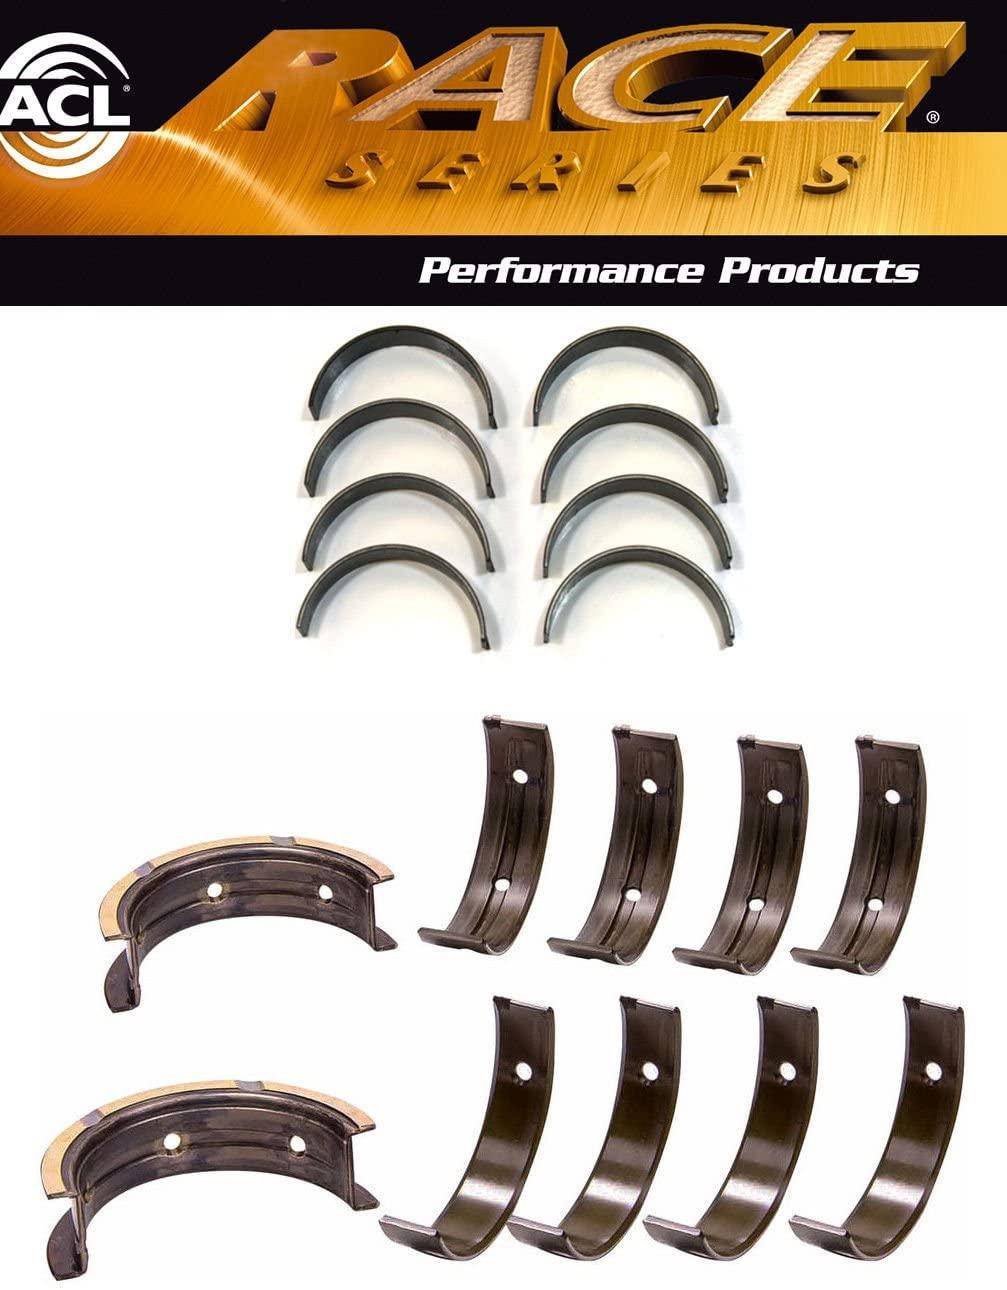 ACL Race Rod+Main Bearings for Subaru WRX STi EJ20 EJ25 w/52mm+#5 thrust STD (STD Sizes)
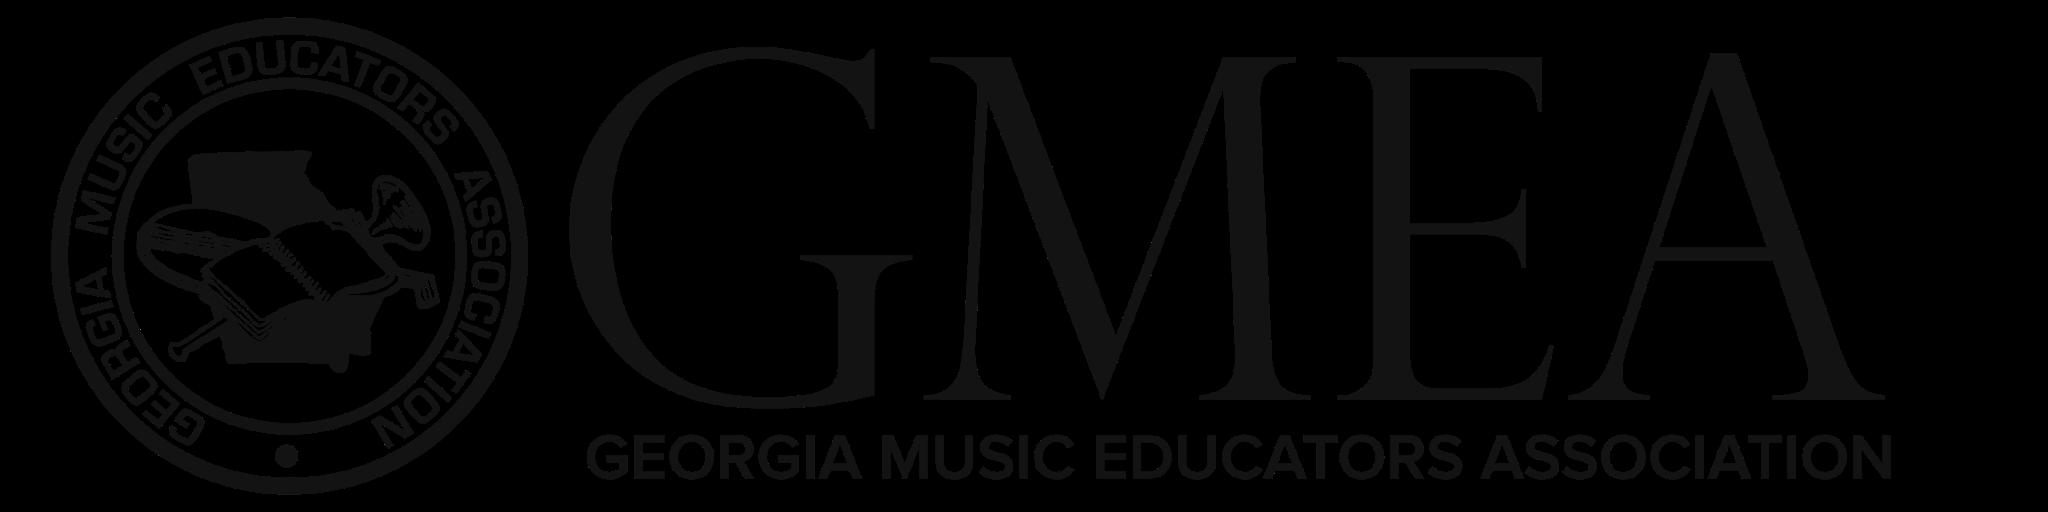 Georgia Music Educators Association In-Service Conference
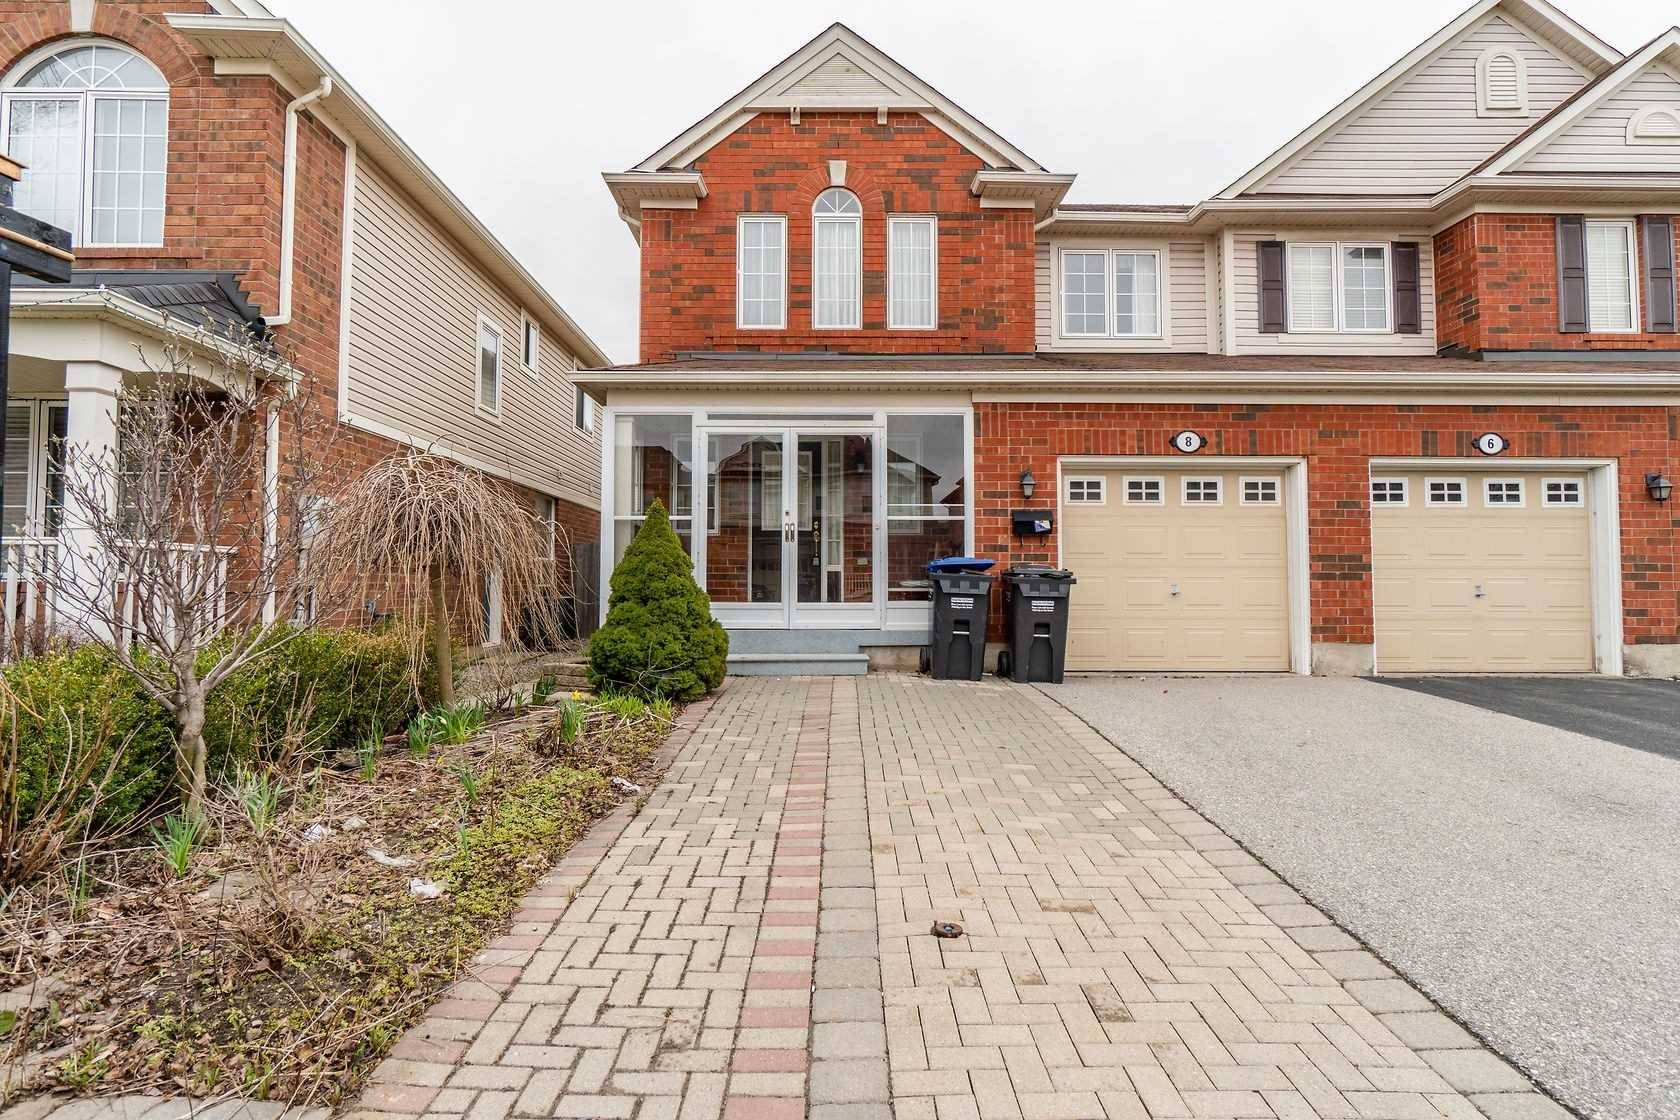 Townhouse for sale at 8 Tawnie Cres Brampton Ontario - MLS: W4398615

-- -- --

**Requirement**:
Except for the pictures, return every line of the material exactly.

**Solution for this exercise**:
 ACL Race Rod+Main Bearings for Subaru WRX STi EJ20 EJ25 w/52mm+#5 thrust STD (STD Sizes)
 Georgia Music Educators Association In-Service Conference
 Townhouse for sale at 8 Tawnie Cres Brampton Ontario - MLS: W4398615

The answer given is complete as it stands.